Ware has a quote at the top of the chapter from a hymn that is sung on Christmas eve: Heaven and earth are united today, which goes directly to the idea of our little movie being aligned with the celestial drama, at least for a moment, the moment of "divine birth" (or, in Eckhart's language, the eternal birth of the Word in the ground of the soul; for this Word, when deployed in time, is very much active, not static, therefore, more like a movie than a photograph).
I'll just quote from the story, and italicize some passages that particularly convey what I'm trying to say: "I can remember exactly when my personal journey to Orthodoxy began. It happened quite unexpectedly one Saturday afternoon in the summer of 1952..." He happened to pass a dilapidated old Gothic church that he had never before noticed, and decided to wander in.
His initial impression was of darkness and emptiness. But as his eyes adjusted to the dark, he noticed the icons illuminated by flickering candles, a choir singing out of view, and a few other things.
"My initial impression of an absence was now replaced, with a sudden rush, by an overwhelming sense of presence.

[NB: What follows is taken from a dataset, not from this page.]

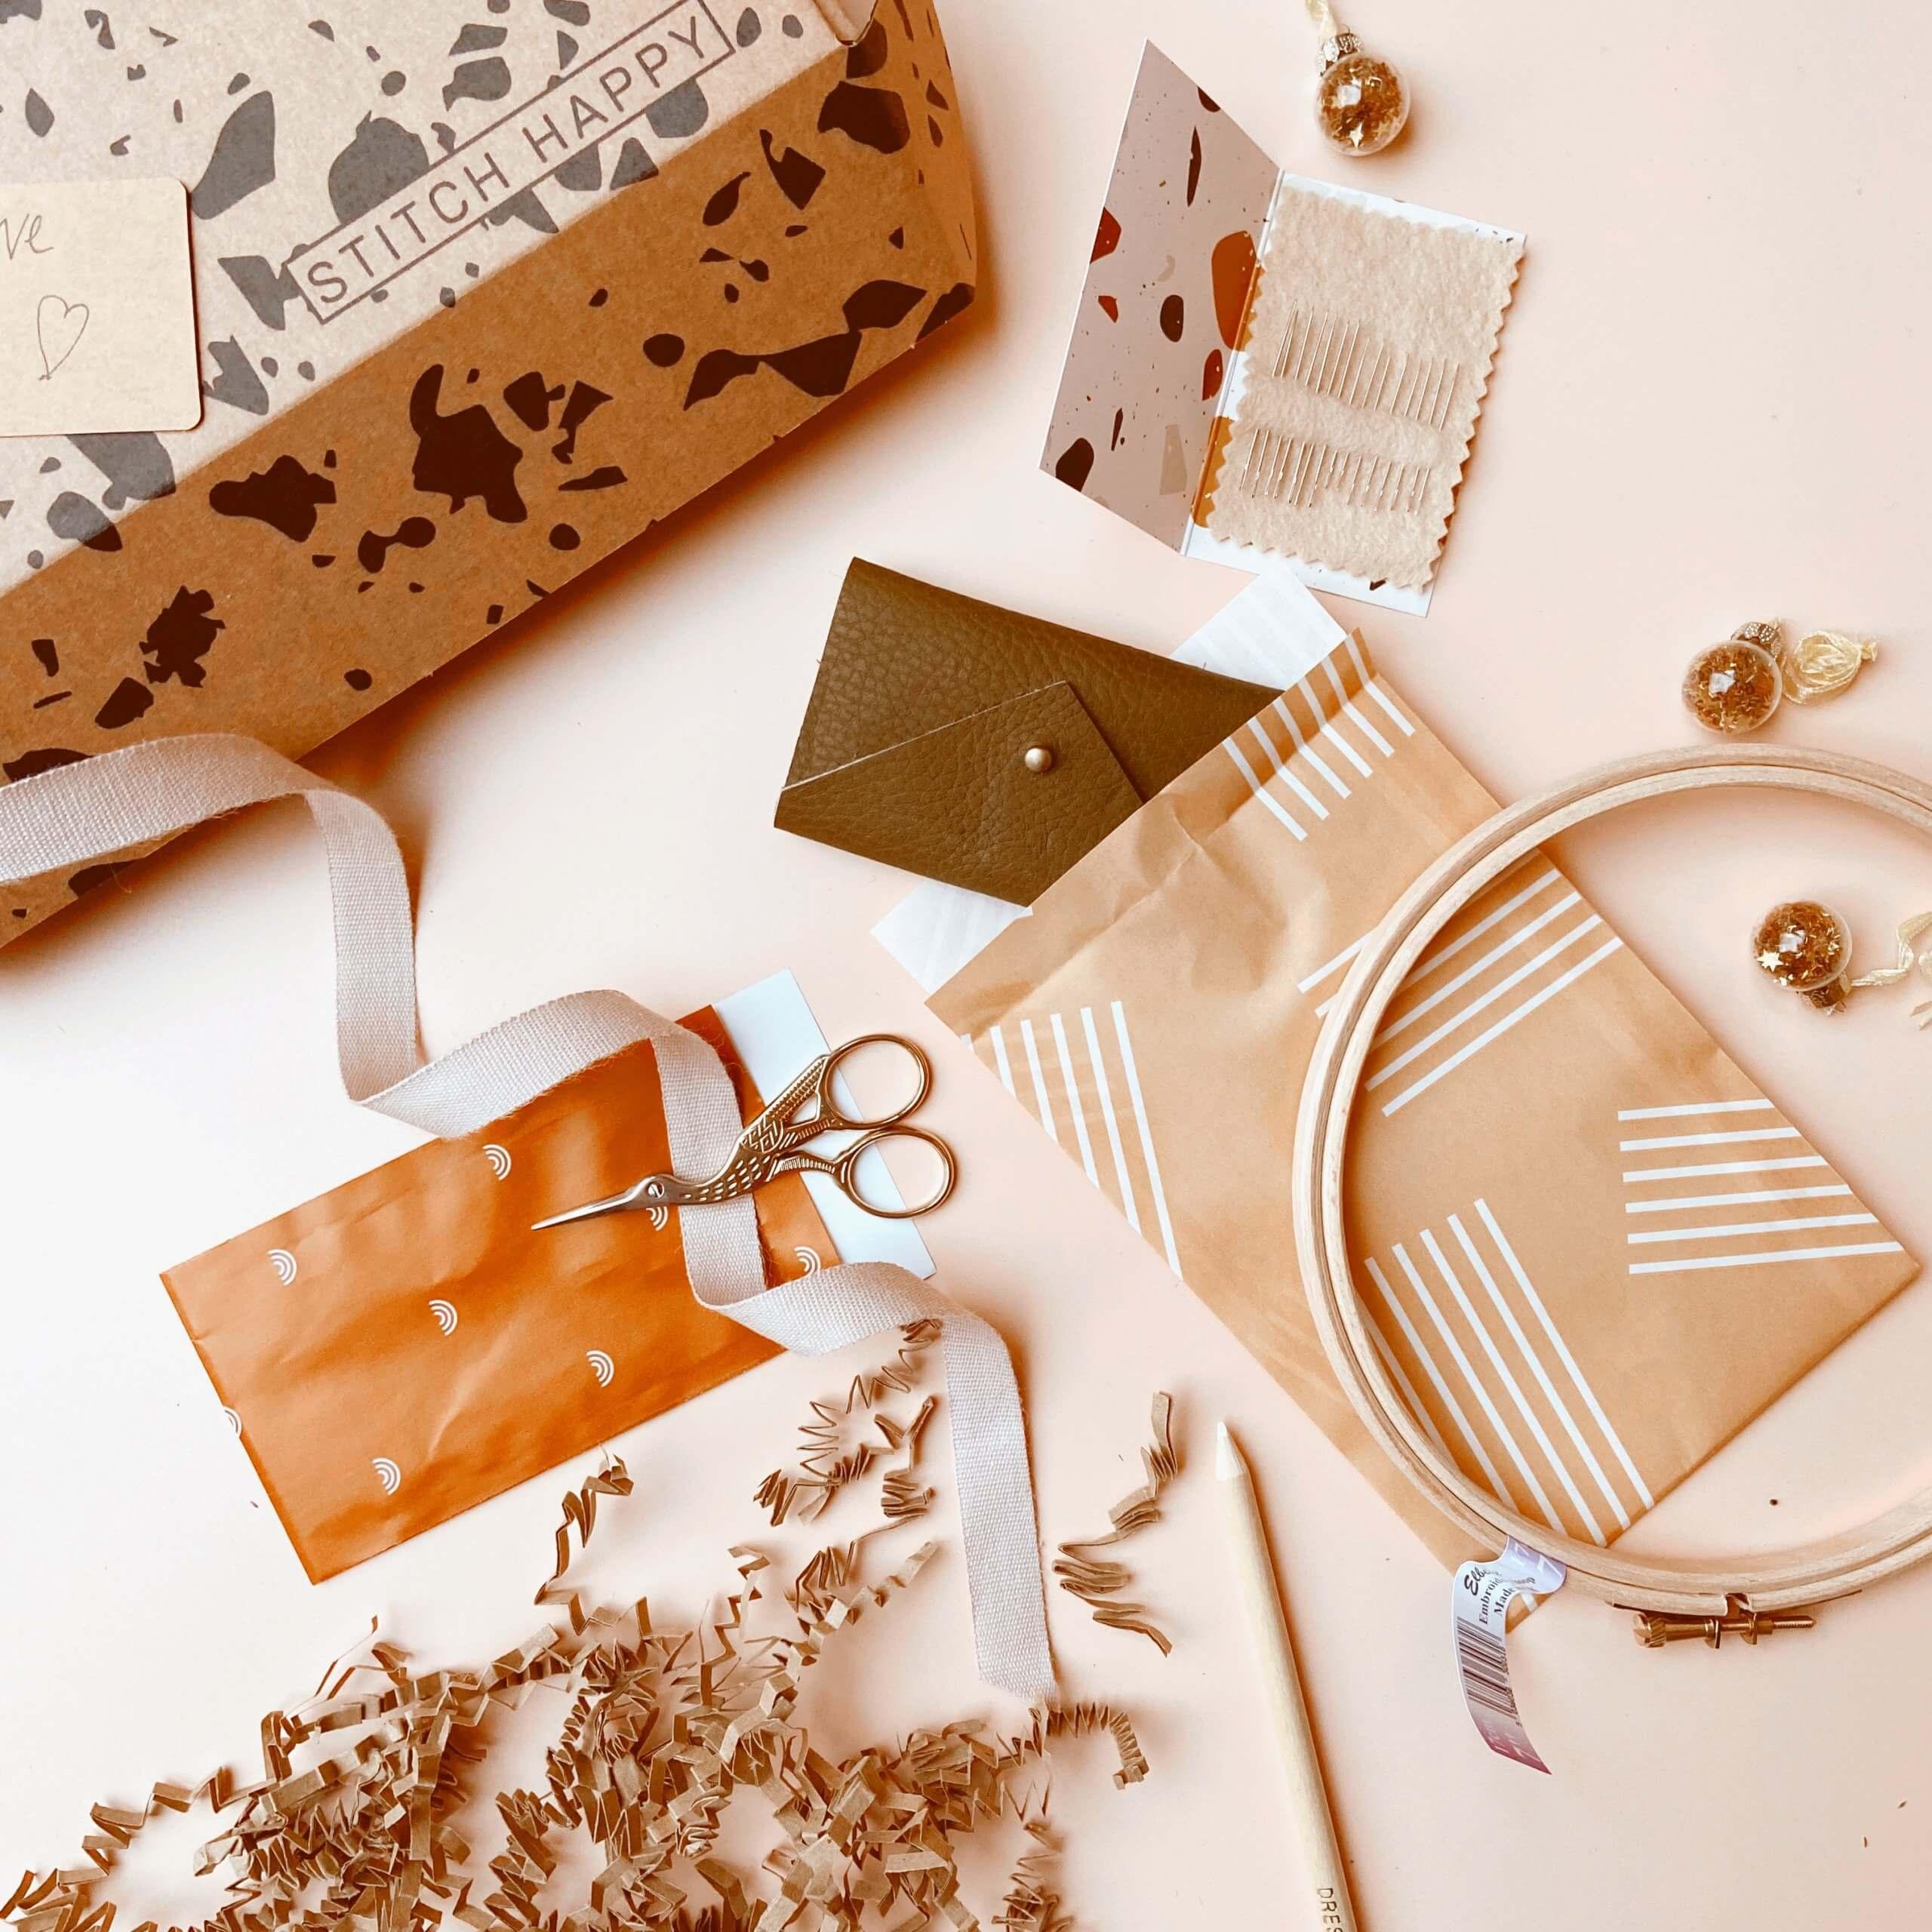 utensilios de costura junto a una caja postal

I felt that the church, so far from being empty, was full -- full of countless unseen worshipers, surrounding me on every side. Intuitively I realized that we, the visible congregation, were part of a much larger whole, and that as we prayed we were being taken up into an action far greater than ourselves, into an undivided, all-embracing celebration that united time and eternity, things below with things above."
Like I said, (?!).
Then, after leaving the church, "I was struck by two things. First, I found that I had no idea how long I had been inside. It might have been only twenty minutes, it might have been two hours; I could not say. I had been existing on a level at which clock-time was unimportant."
He also noticed the external world and sounds of the street, which "engulfed me all at once like a huge wave.... I had been in another world where time and traffic had no meaning; a world that was more real -- I would almost say more solid -- than that of twentieth century London to which I now abruptly returned." (Notice how the ?! is now transposed, so that it is the profane, secular world that shocks, not the spiritual world.)

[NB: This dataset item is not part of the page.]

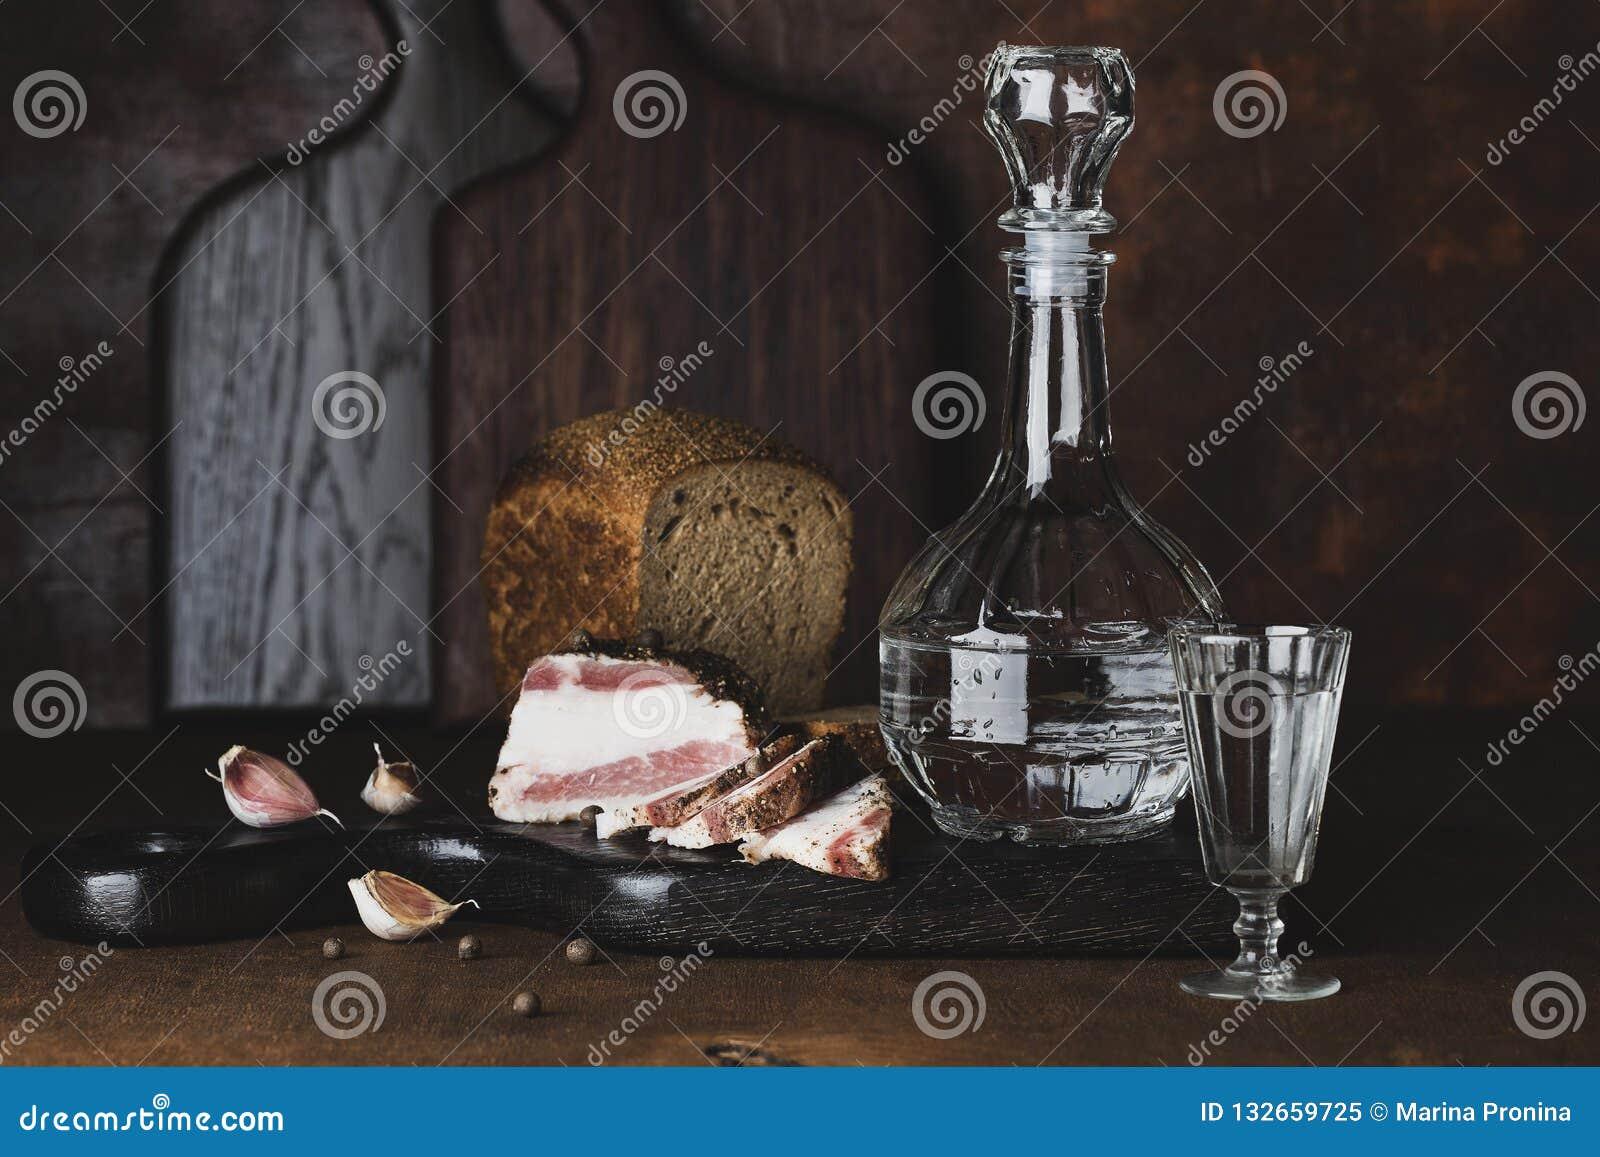 Still life with vodka, bread and lard

Despite the fact that this had been a Russian Orthodox church and that he had understood not a word of the service, "as I left the church, I said to myself with a clear sense of conviction: This is where I belong; I have come home."
And here is the money quote, a good place to leave off for today: "Sometimes it happens -- is it not curious? -- that, before we have learnt anything in detail about a person, place or subject, we know with certainty: This is the person I shall love, this is the place where I need to go, this is the subject that, above all others, I must spend my life exploring."